When the community of Teveria learned that the Jewish informer had returned for revenge, they began to flee the city in panic.

Rebbe Nachman had fallen ill during his stay in Teveria, so he could not leave with everyone else. His body had been broken down over his many years of intense fasting, and now he lay in bed, unable to flee.

The informer went through each house, kicking down doors.

“They’ve all fled!” he howled with anger. “Cowards!”

Suddenly one of the Turkish soldiers began to shout.

“Over here! Inside this house! Here’s a young, sick man!”

The informer ran into the house with a gleeful expression.

“Where? Where is he?”

His eyes fell upon Rebbe Nachman’s face, and his entire demeanor suddenly changed.

“Ah, you’re not a local. You’re not responsible for what happened. You look like a saintly, chassidish rebbe… Look at all of these books you’re studying from.” The informer motioned for the Turkish soldier to put his sword away. “Leave us for a moment. I’ve never had the opportunity to speak to such an individual…”

When the door had swung shut behind the soldier, the informer turned back to Rebbe Nachman with an apologetic look.

“I’m sorry about all of this. I didn’t want to make such a commotion, you understand?”

“I heard what happened…” Rebbe Nachman responded.

“Yes, the people here tried killing me for absolutely no reason at all.
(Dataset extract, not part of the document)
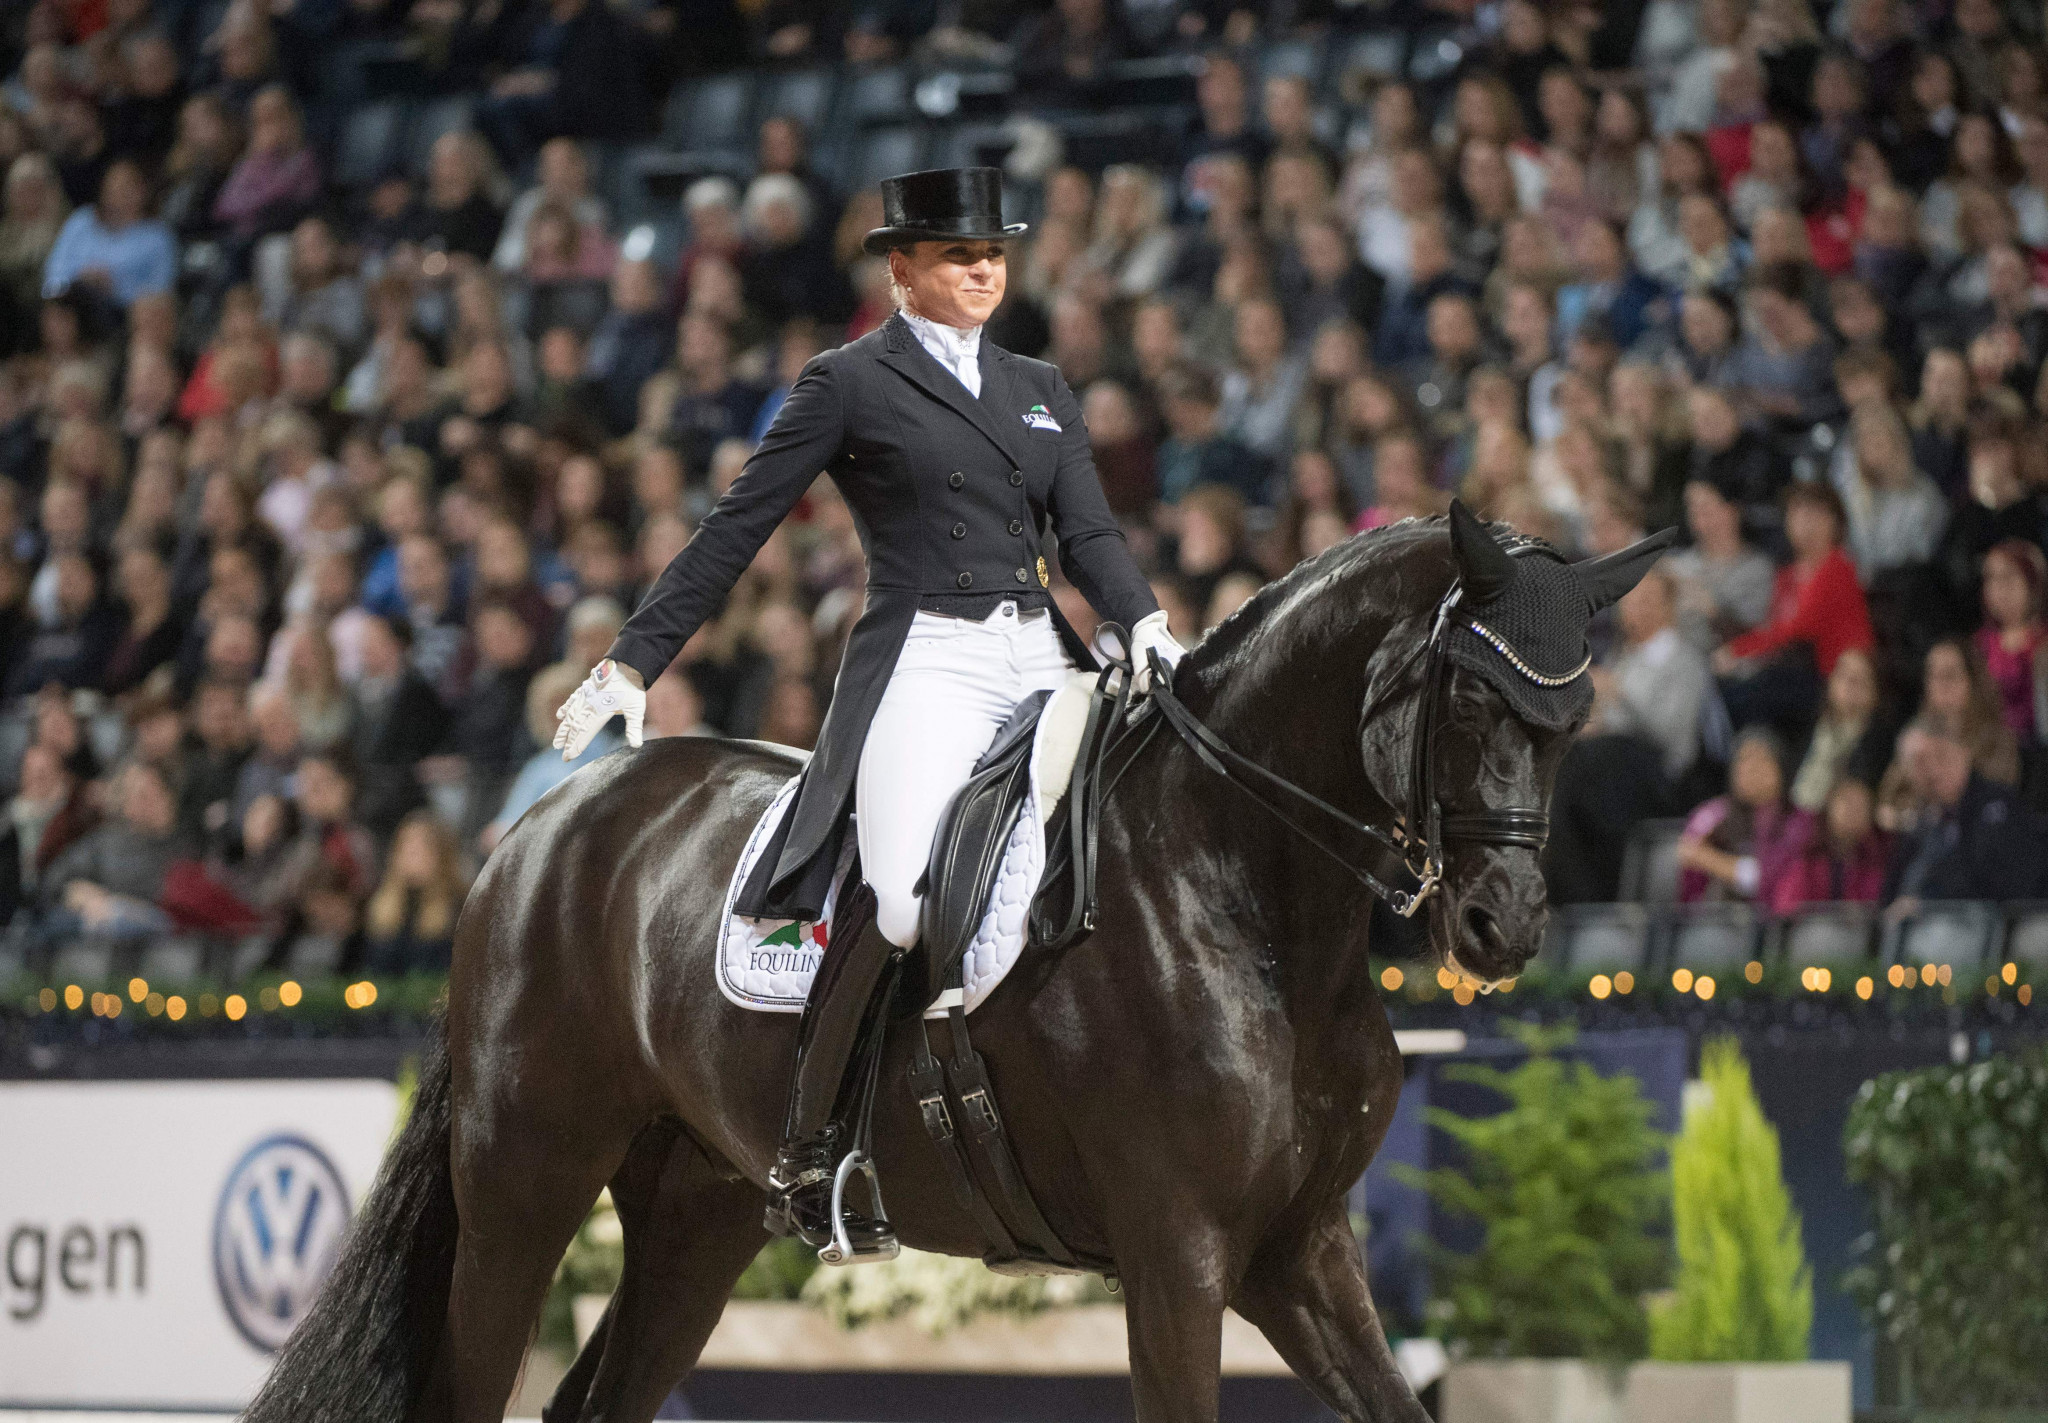 Germany's Dorothee Schneider came second in the FEI Dressage World Cup event in Amsterdam and leads the overall standings ©Getty Images

I’m innocent, believe me. In fact, I’m a quite a pious, sincere Jew.”

Rebbe Nachman forced himself to keep a straight face.

“Hmmm… So, what is this all about?”

The informer began spewing lies, twisting his life story around so that he appeared to be a well-meaning, righteous Jew who only cared for the good of his people. Rebbe Nachman saw straight through him.

 

He could read a person’s entire life story immediately when he walked into the room, and this informer’s wickedness was spelled out across his very face. However, the Rebbe went along with the narrative, pretending to believe the informer. Soon, the informer was totally at the Rebbe’s mercy.

“I recognize that you are a holy, holy man. Tell me how I can improve myself, Rebbe. I’m sure you also can recognize that I am a very good Jew. Help me, and I will listen to whatever you advise.”

“Let the community members return to their homes,” Rebbe Nachman replied immediately. “You’ve terrified the whole city. Enough is enough. Let what happened be forgotten in the past, and forgive those who wronged you.”

“B-but honorable Rebbe, i-it’s not so simple! They tried to strangle me!”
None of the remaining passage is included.